Are lattice operations continuous in the Lipschitz norm?

Question

Denote by $Lip_0(X)$ the set of all Lipschitz functions on a metric space $X$ vanishing at some base point $e \in X$. The norm in $Lip_0$ is defined as fololows $$ \|f\|_{Lip_0} := Lip(f), $$ where $Lip(f)$ denotes the Lipschitz constant. With pointwise operations $f \vee g := \max\{f,g\}$ and $f \wedge g := \min\{f,g\}$ the space $Lip_0$ becomes a Lipschitz lattice, in which the following condition holds $$ \|f \vee g\|_{Lip_0} \leq \max\{\|f\|_{Lip_0},\|g\|_{Lip_0}\}. $$ The Banach lattice condition $|f| \leq |g| \implies \|f\| \leq \|g\|$, however, fails. (Nik Weaver. Lipschitz Algebras, 2nd ed.)

Question. Are operations $f_+ := f \vee 0$, $f_- := (-f) \vee 0$ and $|f| := f \vee (-f)$ continuous in the $Lip_0$ norm, i.e. does, e.g., $$ \|f_+ - g_+\|_{Lip_0} \leq C\|f - g\|_{Lip_0} $$ hold?

I have searched a lot for either a proof or a counterexample, but couldn't find anything.

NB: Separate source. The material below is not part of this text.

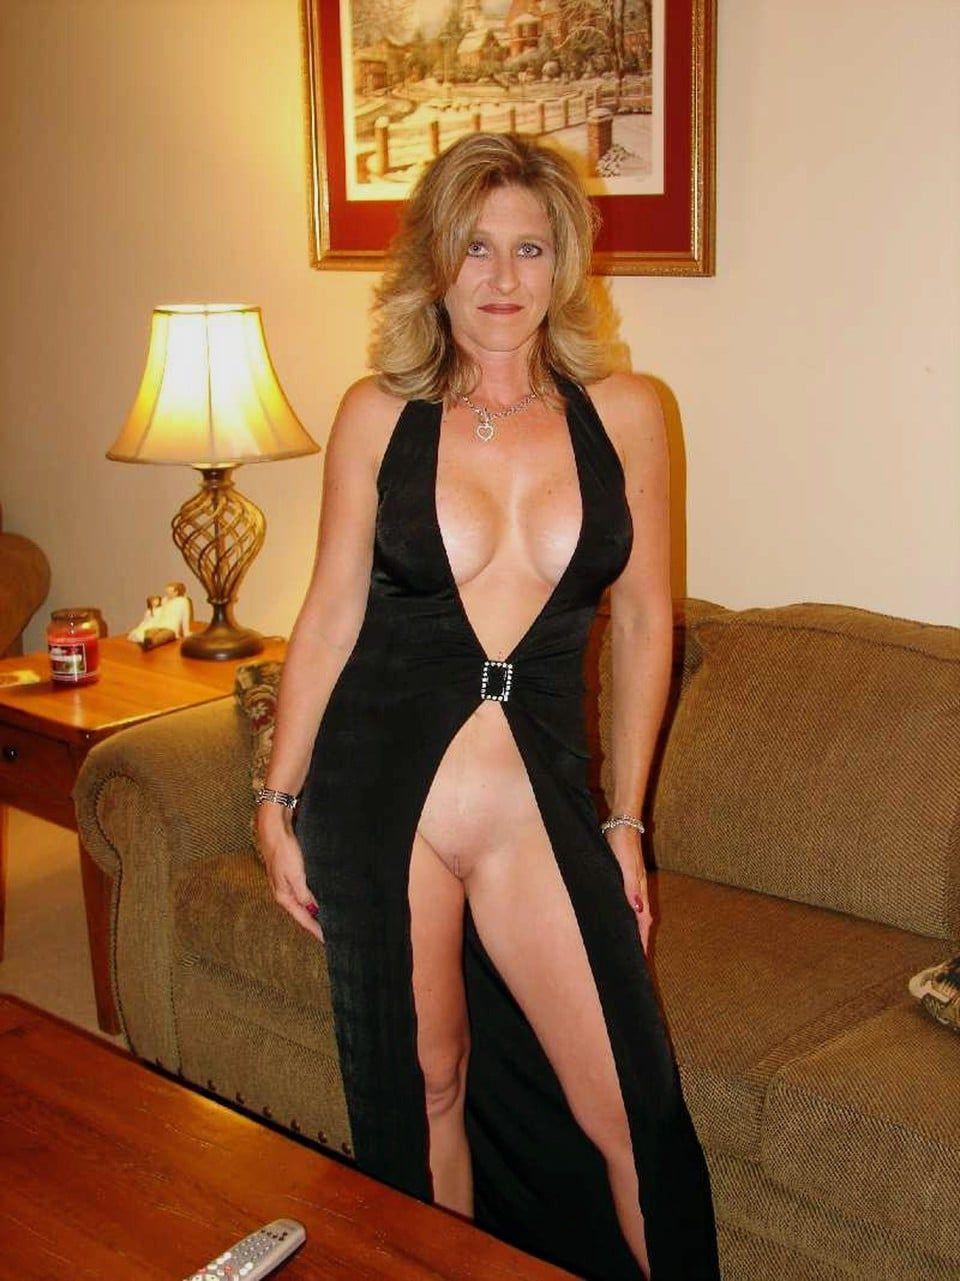 Whore wives dressed like sluts phrase consider

Any help will be appreciated.

Answer 1

No, the lattice operations are not continuous, in general.

An easy way to see this is to consider the space of Lipschitz continuous functions on $[0,1]$ (without base point, and the norm being the supremum of the infinity norm and the Lipschitz constant).

Set $f_\varepsilon(x) := x - \varepsilon$ for all $x \in [0,1]$. Then $f_\varepsilon \to f_0$ as $\varepsilon \to 0$, but convergence of the absolute values does not hold.

If you insist on using a base point, add the point $-1$ and set all functions to $0$ there.